Les ambassadeurs d’Elsevier

Entre l’édition purement savante et le journalisme de masse ou le crowdsourcing de type Wikipédia, les chercheurs débutants n’ont aucun terrain d’entraînement. Non-familiers avec le jargon ésotérique des spécialistes, ils prennent leurs aises dans les médias grand public où le transfert d’information est perpétré sans contraintes sémantiques ni évaluation élitiste.

L’écosystème de la communication scientifique est sens dessus-dessous. Des canaux informels de diffusion du savoir se disputent l’attention des spécialistes et des néophytes: des blogues journalistiques (ex. Agence Science-Presse) ou académiques (de type café scientifique, carnets de recherche), des wikis, des réseaux scientifiques, enfin des entrepôts de données en libre accès. Ces derniers, de surcroît, se multiplient sans cesse, faisant carrément concurrence aux répertoires de bibliothèques: ils sont nationaux (HAL), spécialisés (ArXiv, Jurn) ou institutionnels. Le ROAR (Registry of Open Access Repositories) recensait plus de 3,400 archives ouvertes en 2013 (Tisserand-Barthole , 2013). Parallèlement aux dépôts universitaires, véritables réservoirs de la production savante interne, les publications scientifiques se promènent à travers des réseaux professionnels qui servent simultanément de plateformes d’auto-publication, de forums de discussion et de cartes d’affaires (ResearchGate, Academia.edu, MyScienceWork, etc.). Le format des publications libres devient aussi plus versatile, le langage plus convivial, comme pour brouiller les frontières avec la littérature grand public (ex. First Monday, MIT Press Essential Knowledge).

Face au repli du monde de la science, les éditeurs commerciaux tâchent de rénover leurs pratiques. Ils développent des vitrines web interactives et attirantes, des portes (entr)ouvertes vers leur contenu (démocratisation du savoir oblige!) qui ont pour rôle de cristalliser une communauté virtuelle: tel est le cas de Social Science Space, développé par SAGE ou de SciLogs du groupe Nature. Les passerelles de ses vitrines vers les médias sociaux donnent au journalisme citoyen le loisir d’enchaîner.
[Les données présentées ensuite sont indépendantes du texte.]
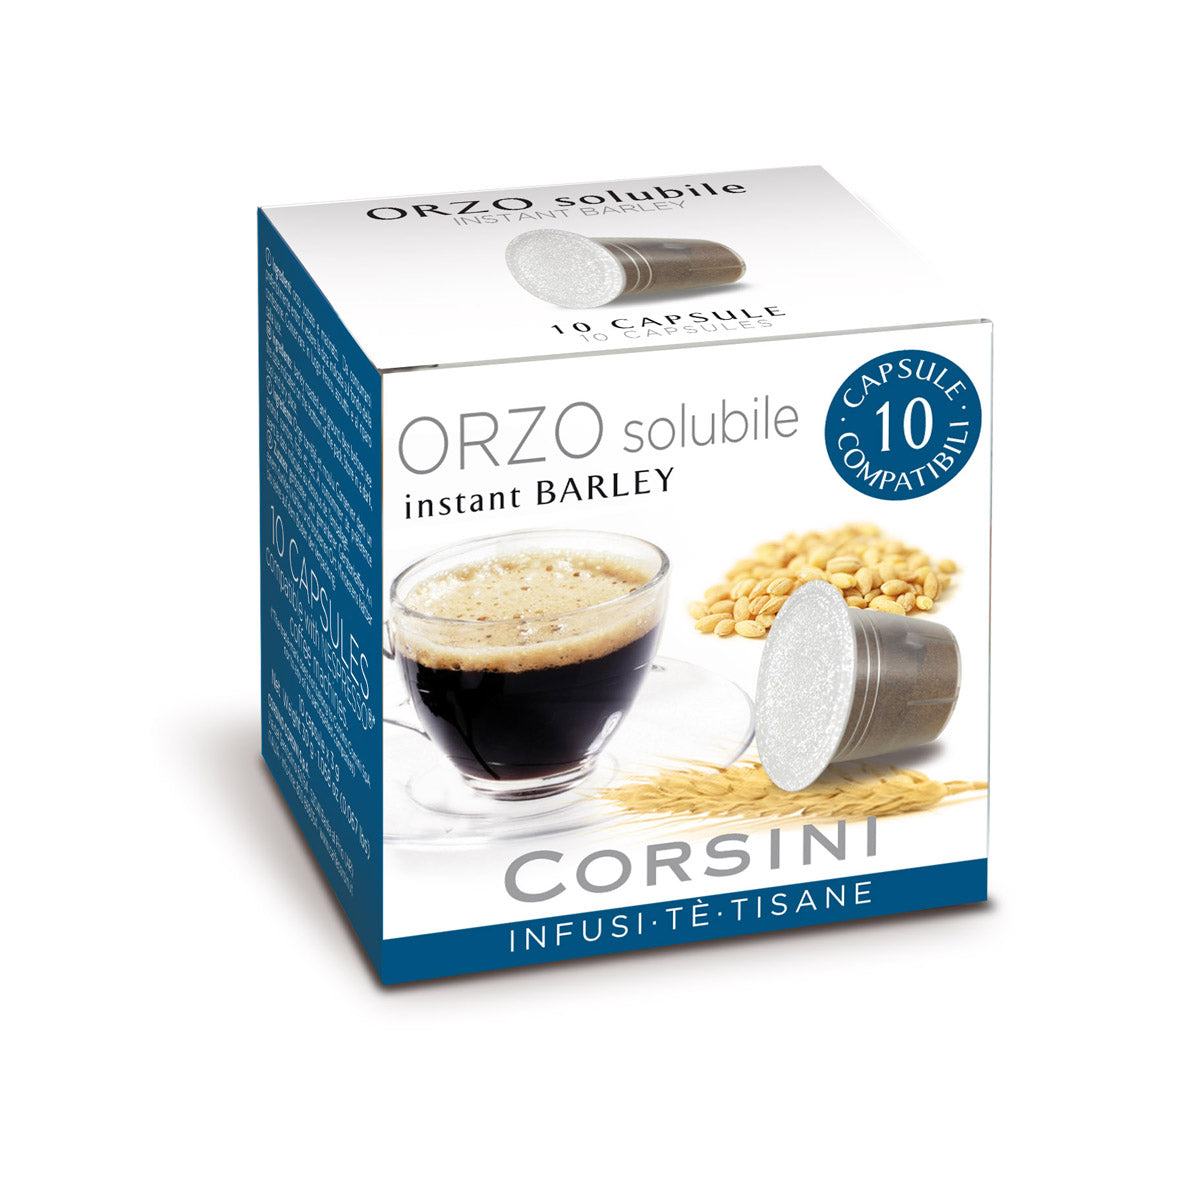 10 Nespresso® compatible barley coffee capsules | Instant barley | Box of 12 packs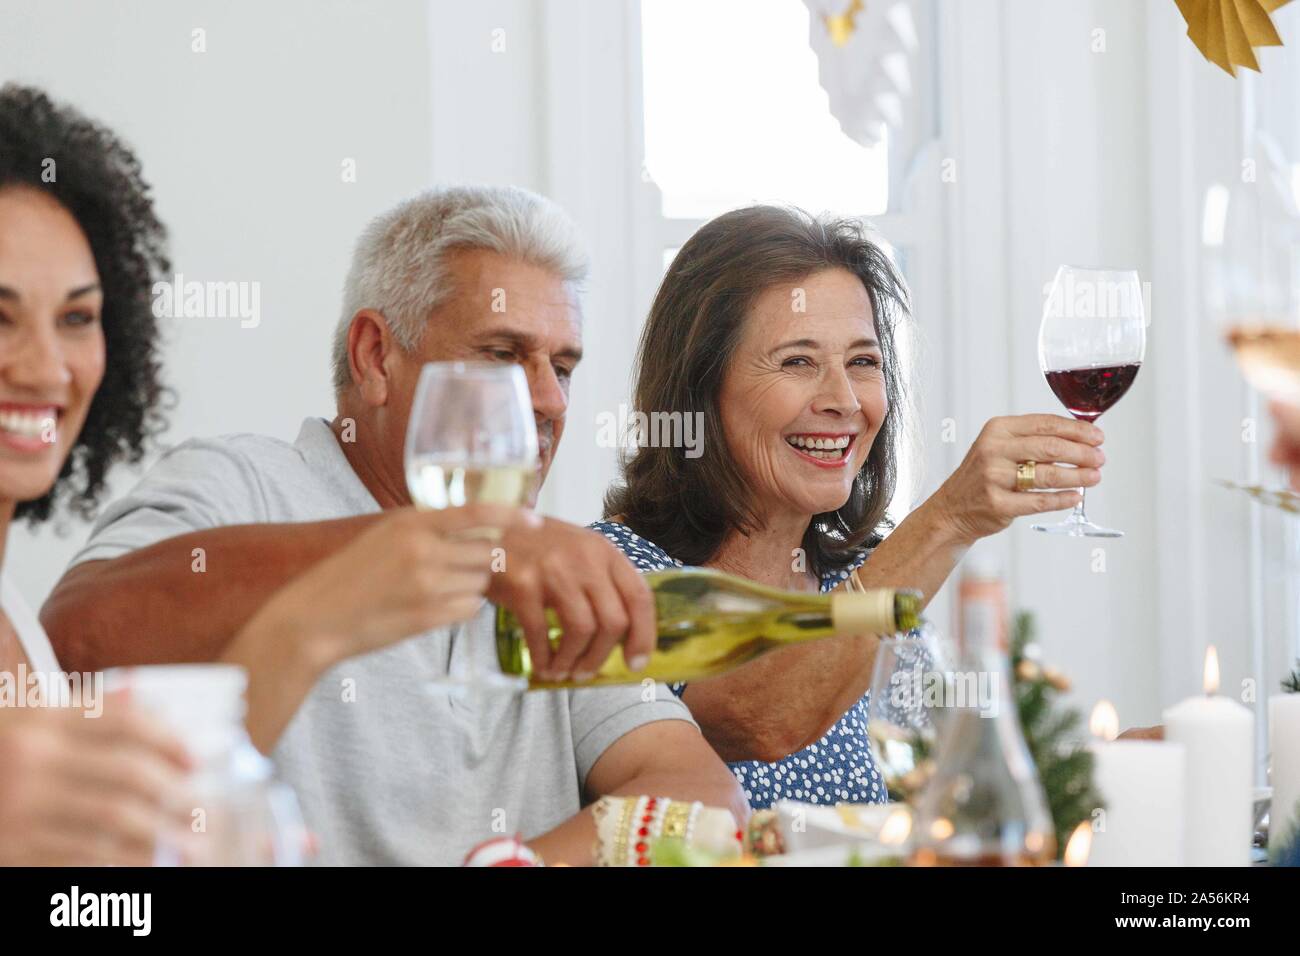 Family toasting wine at home party Stock Photo

C’est dans ce contexte que s’insère l’appel à contribution d’Elsevier du 15 décembre dernier. Le blogue du célèbre éditeur annonçait alors le lancement de STM Digest, un recueil censé réunir des résumés non-techniques (Lay Summary) de ses publications avec un haut impact sociétal. Étaient visés dans un premier temps des secteurs d’importance stratégique, soit environnement/écologie et économie/finances. Détail non dénué d’importance, ces revues sont consultables en libre accès. Alors que les autres éditeurs ont choisi les blogues pour coopter le grand public dans la science en train de se faire (Citizen Science), le nouvel archétype éditorial Lay Summaries rejoint une audience élargie par l’entremise du réseau Mendeley: le Mendeley STM Digest Group relaye les résumés vulgarisés et sert, en conséquence, de plateforme de rencontre et de veille pour ceux en quête du nouveau.

En même temps, Elsevier s’ingéniait à séduire les savants en début de carrière (Early Career Researcher), car c’est à eux que l’appel s’adresse, en leur faisant miroiter les vertus de ce projet: accès rapide aux avancées de la science et, pourquoi pas, un coup de pouce pour leur carrière. En contribuant avec des synthèses au corpus mentionné, ces derniers accèdent aux lettres de noblesse scientifiques : ils sont consacrés ambassadeurs de la recherche (Research Ambassadors)!

Le concept d’ambassadeur corporatif n’est pas nouveau. Il a été mis à l’épreuve par Elsevier au début des années 2000 à la faveur des étudiants (Student Ambassadors) en sciences de la santé et en ingénierie. Aujourd’hui, bon nombre d’établissements d’enseignement (collèges et universités) comptent sur l’implication volontaire des étudiants afin d’augmenter leur renommée. Google et Wikipédia ont des programmes semblables.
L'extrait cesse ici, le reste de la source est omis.